Transitioning Away from MD5 Signed Certificates

Since its discovery of vulnerabilities in 2005, the usage of MD5 as a certificate signing algorithm has been strongly discouraged due to its susceptibility to attacks, posing significant security risks such as data interception and unauthorized access.

Recognizing the urgency to address this issue, we’re taking steps to phase out MD5 support in OpenVPN. However, we understand that transitioning to stronger cryptographic mechanisms may present challenges for some users.

Here’s a condensed version of the transition plan:

1. Awareness: It’s crucial to recognize if your certificates are using MD5 signatures. You can check this using OpenSSL:

    openssl x509 -in ca.crt -noout -text | grep "Signature Algorithm"
   

   If MD5 is detected, it’s recommended to switch to SHA256 or better.

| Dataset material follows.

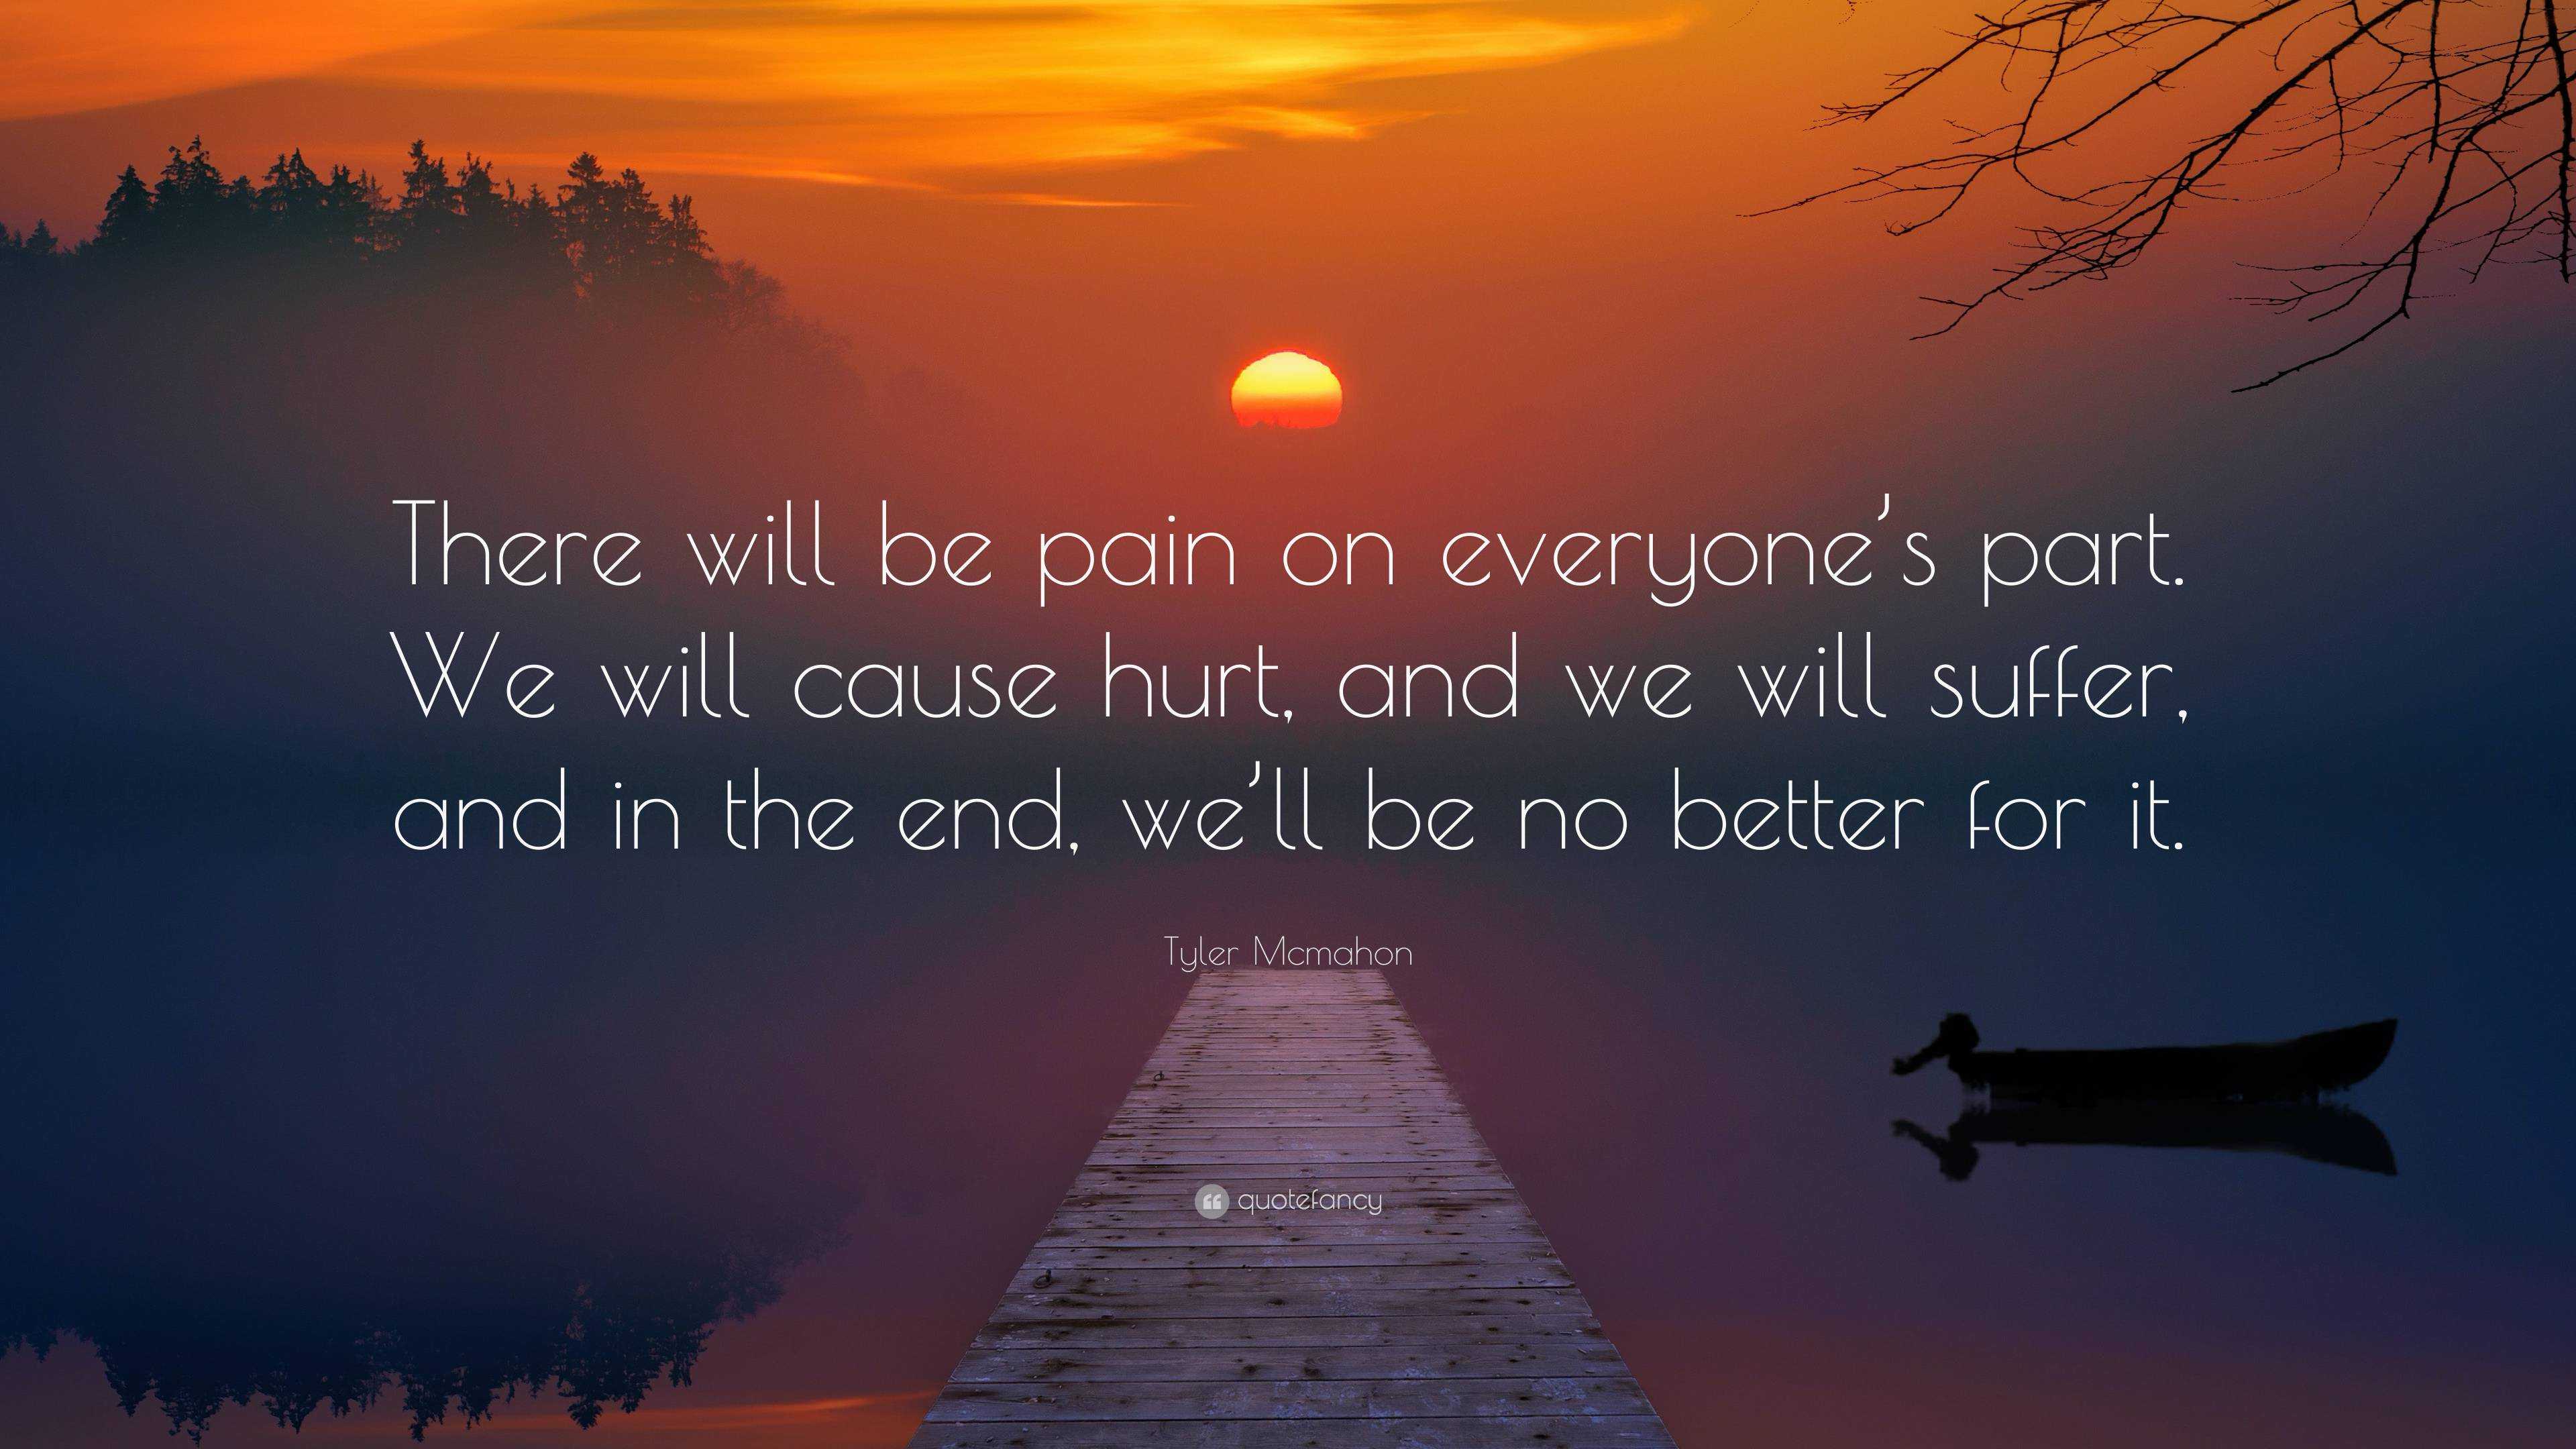 Tyler Mcmahon Quote: “There will be pain on everyone’s part. We will ...

2. Transitional Period: We’ve decided to implement a transitional period until May 2018, during which MD5-signed certificates will still function. However, users are strongly encouraged to migrate to stronger alternatives.

3. Workarounds: If transitioning immediately isn’t feasible, there are temporary workarounds. One option is to adjust the security level in the OpenVPN configuration file (*.ovpn) on the client side:

    tls-cipher "DEFAULT:@SECLEVEL=0"
   

   Note: Setting SECLEVEL=0 allows any algorithm, including MD5. While this is not recommended for long-term security, it can serve as a temporary measure if needed.

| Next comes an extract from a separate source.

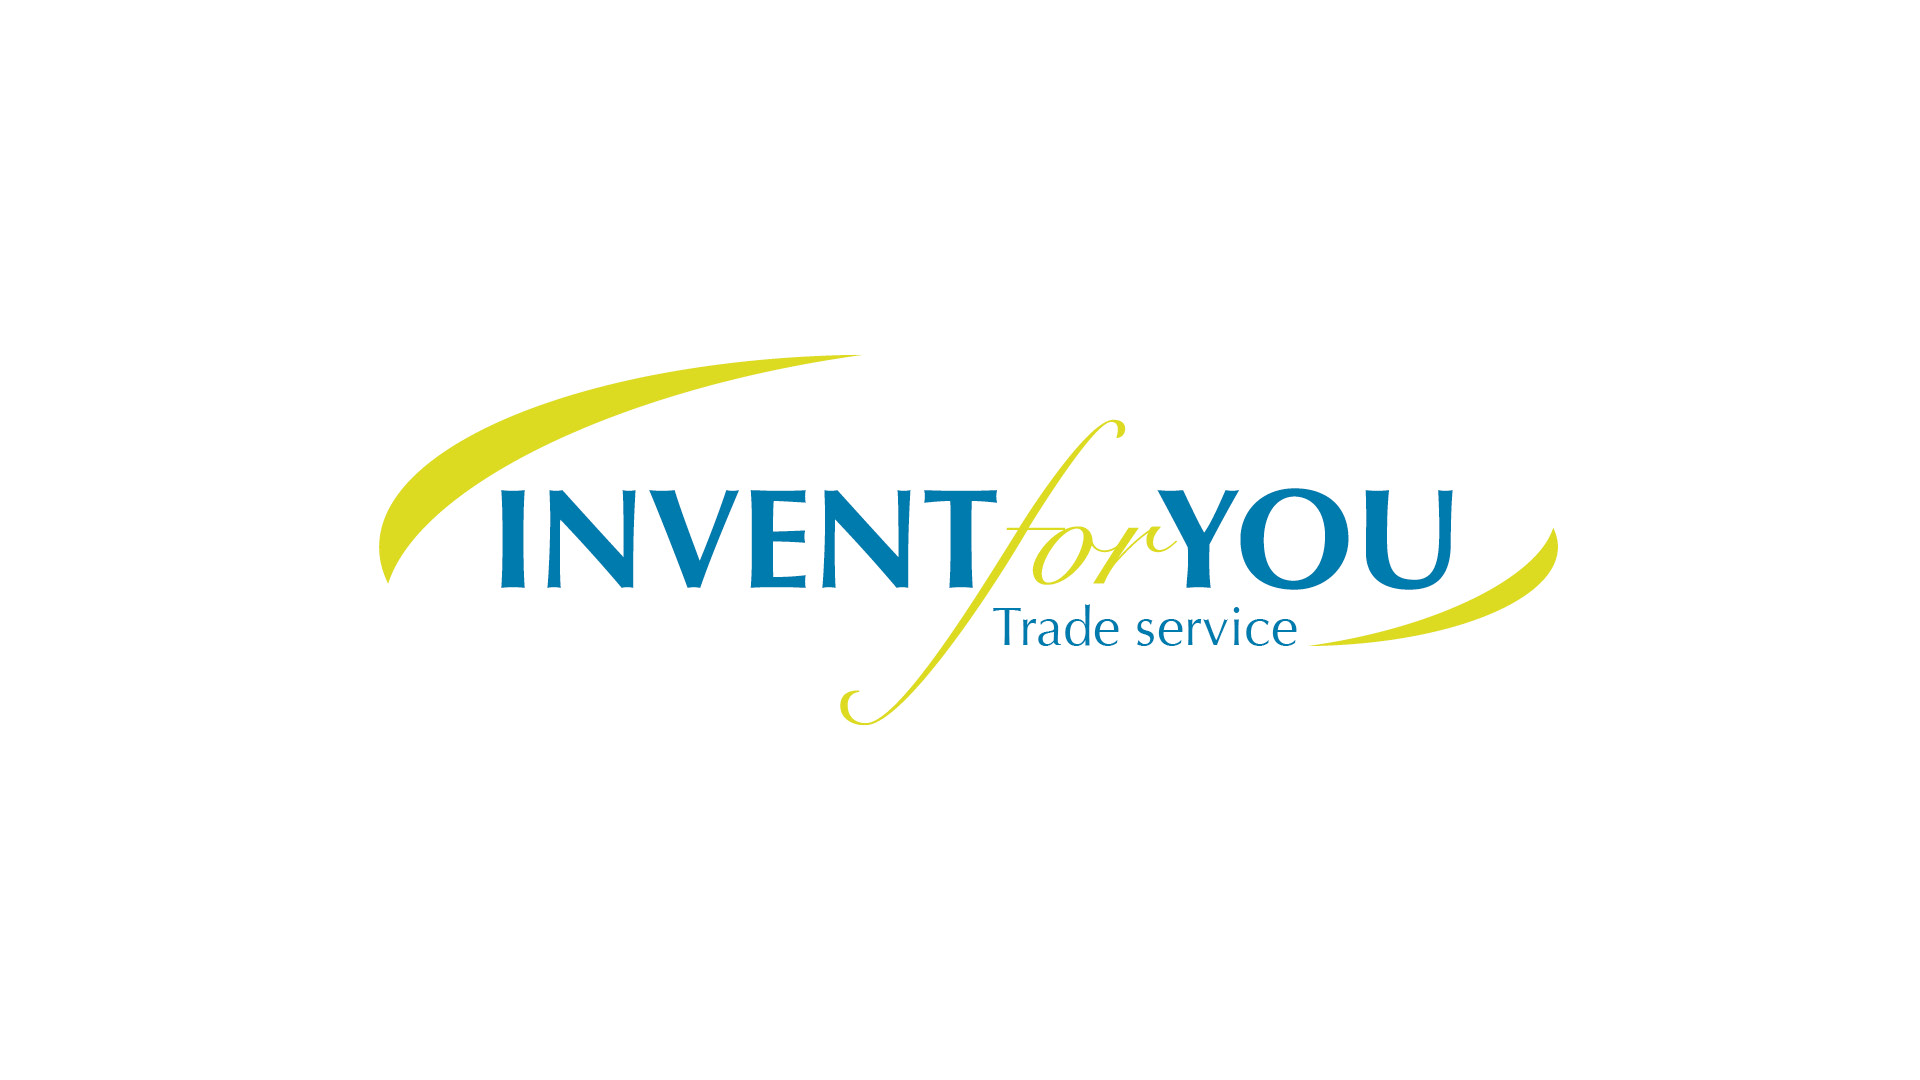 Invent for you

4. Support and Resources: For users facing challenges during the transition, we’re committed to providing support and guidance. Resources such as updated software versions, third-party solutions, and manufacturer support can aid in migrating to secure certificate alternatives.

By transitioning away from MD5-signed certificates, users can mitigate security risks and ensure the integrity of their data. We’re here to support this process and ensure a smooth transition to stronger cryptographic mechanisms.